Your assignment: Images are to be excluded, and the rest of the data repeated exactly.

Data segment:
────────

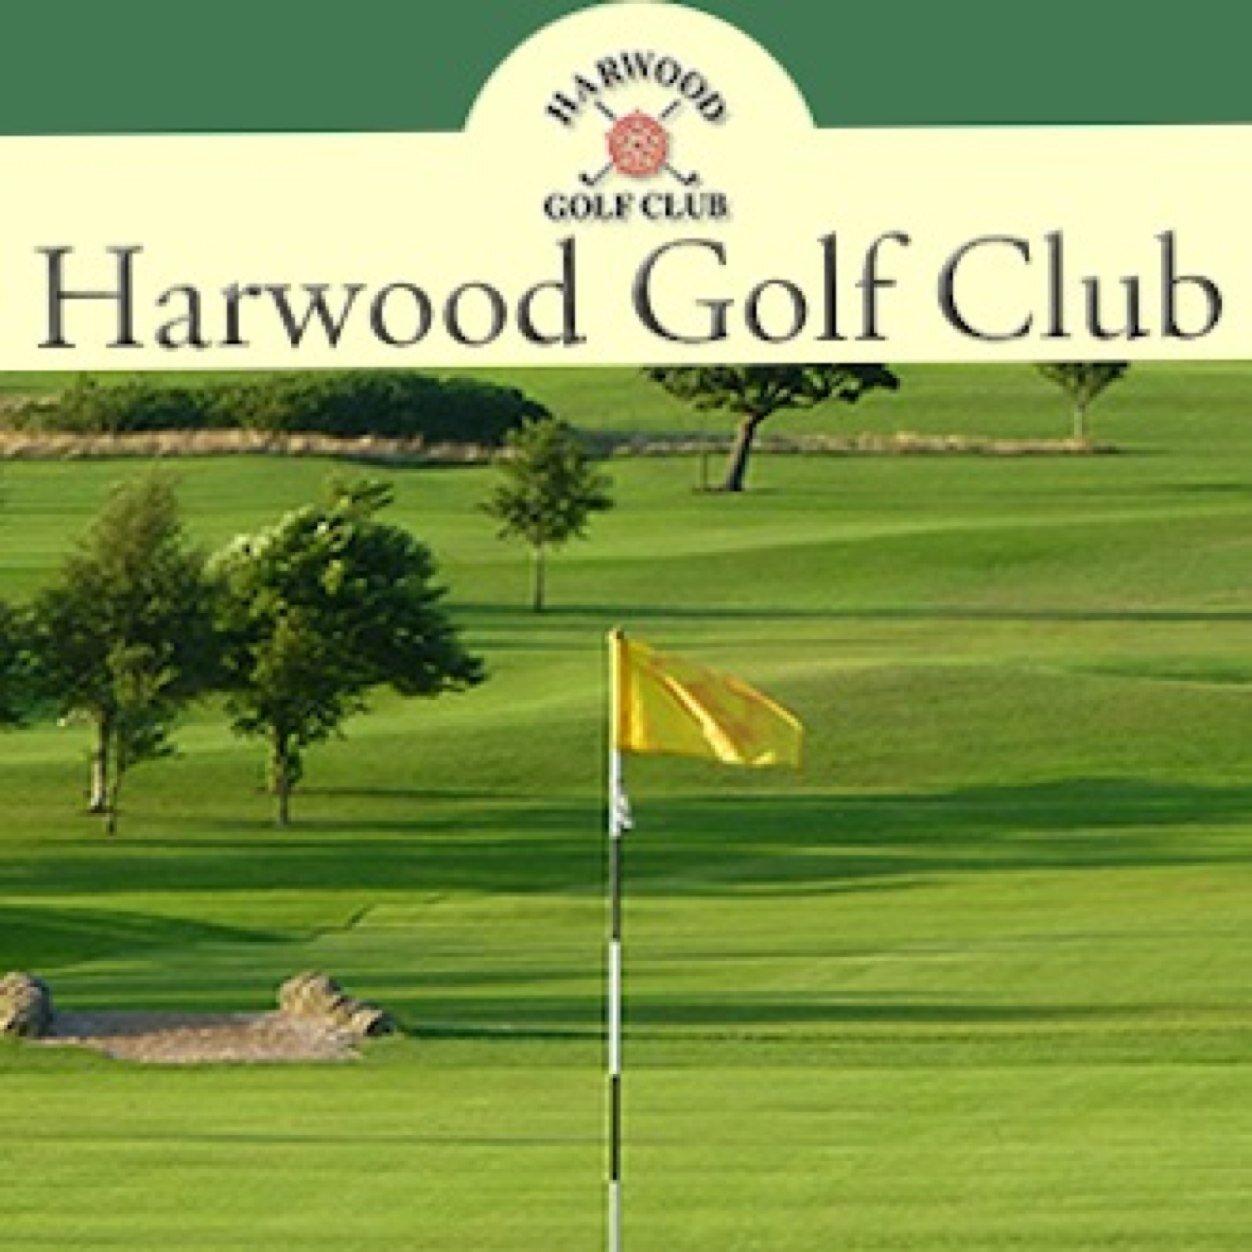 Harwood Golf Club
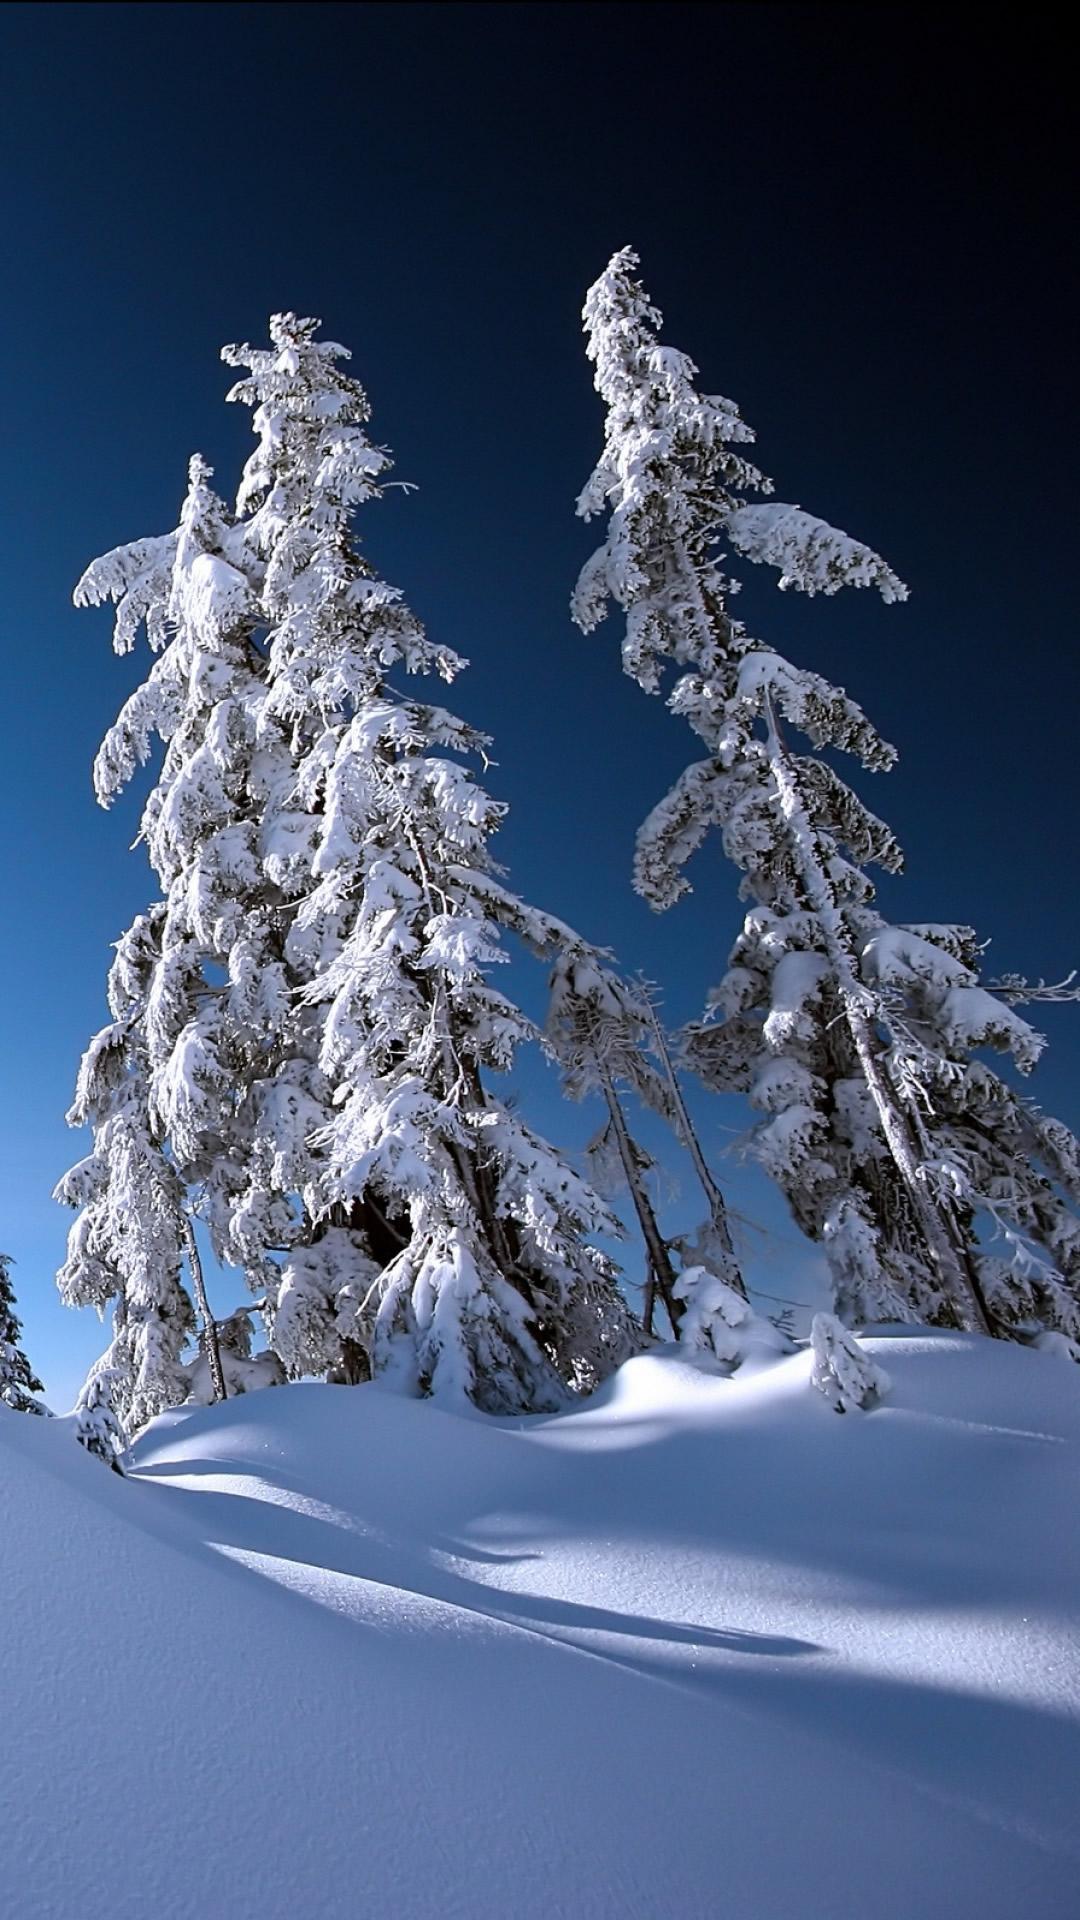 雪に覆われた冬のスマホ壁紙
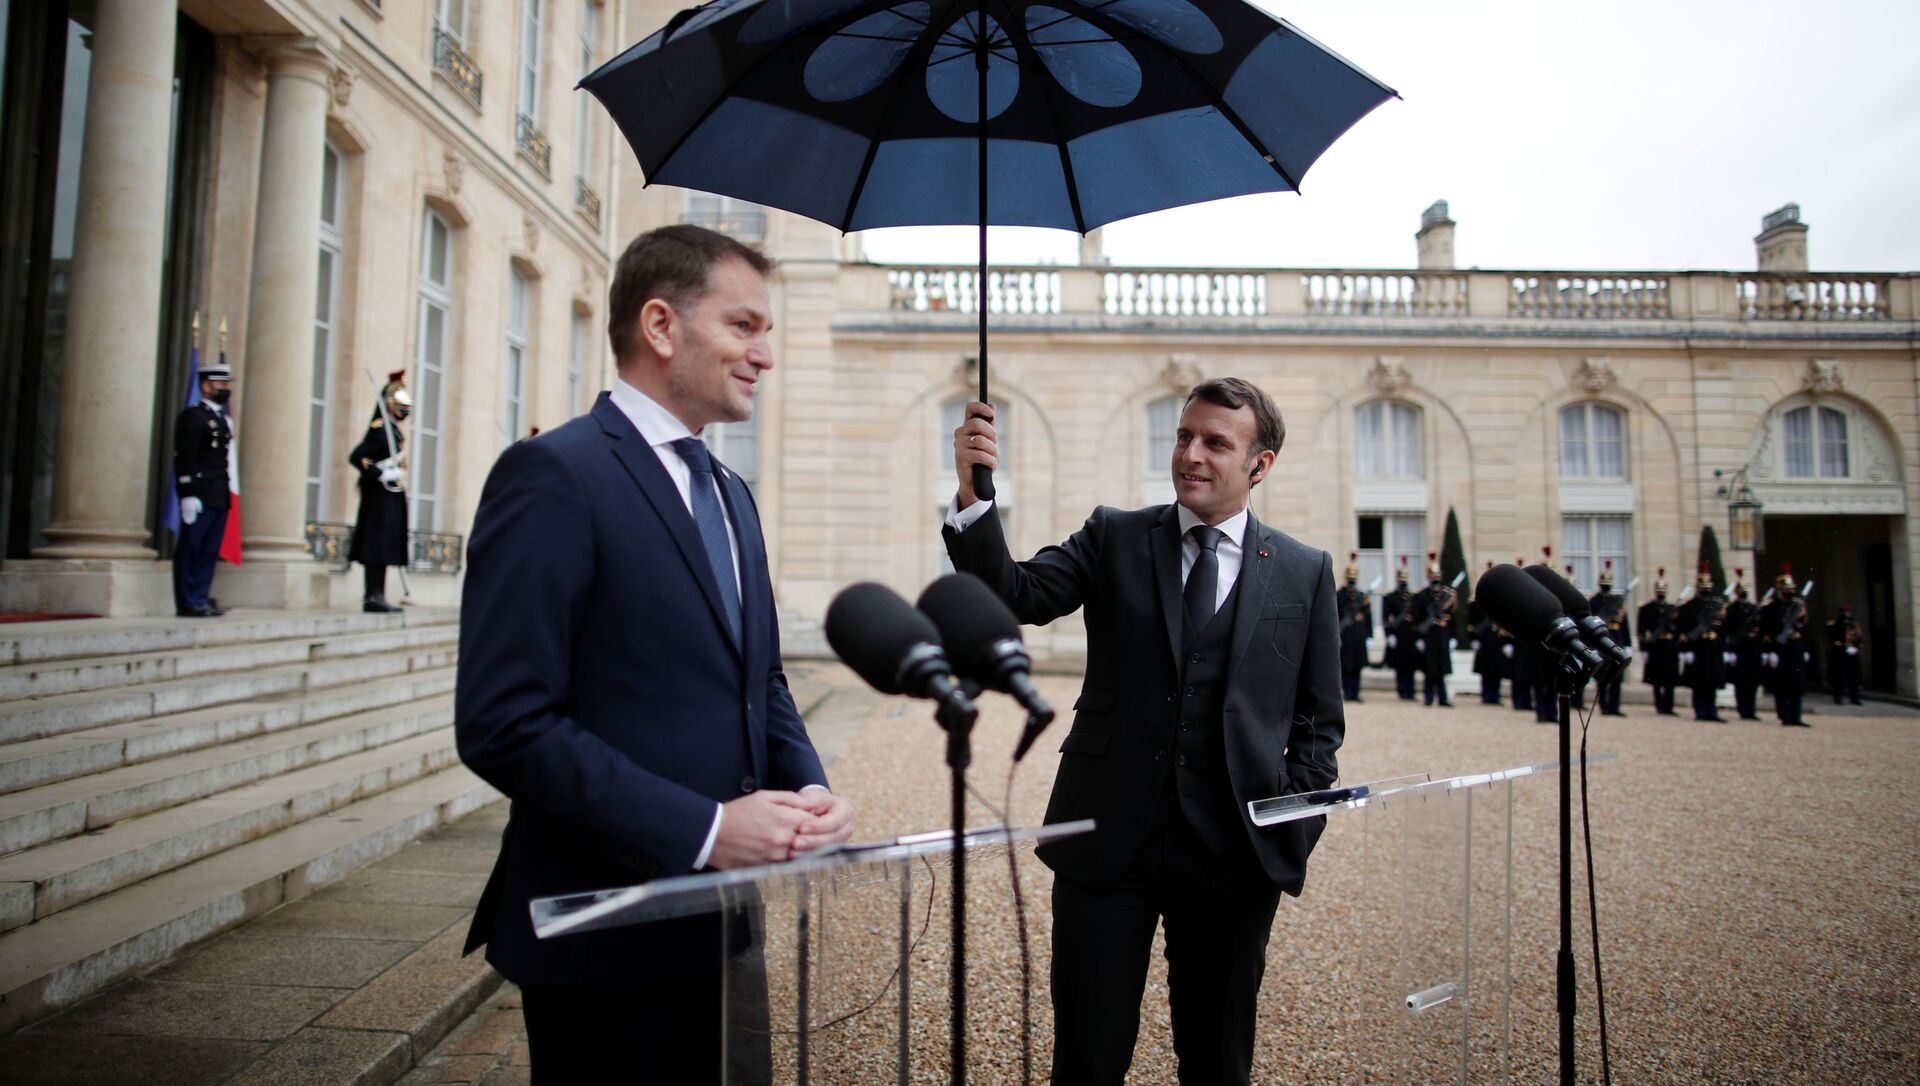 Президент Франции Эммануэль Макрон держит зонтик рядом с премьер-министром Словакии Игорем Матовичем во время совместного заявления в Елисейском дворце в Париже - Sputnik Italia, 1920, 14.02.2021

────────

Written answer:
 Harwood Golf Club
 雪に覆われた冬のスマホ壁紙
 Президент Франции Эммануэль Макрон держит зонтик рядом с премьер-министром Словакии Игорем Матовичем во время совместного заявления в Елисейском дворце в Париже - Sputnik Italia, 1920, 14.02.2021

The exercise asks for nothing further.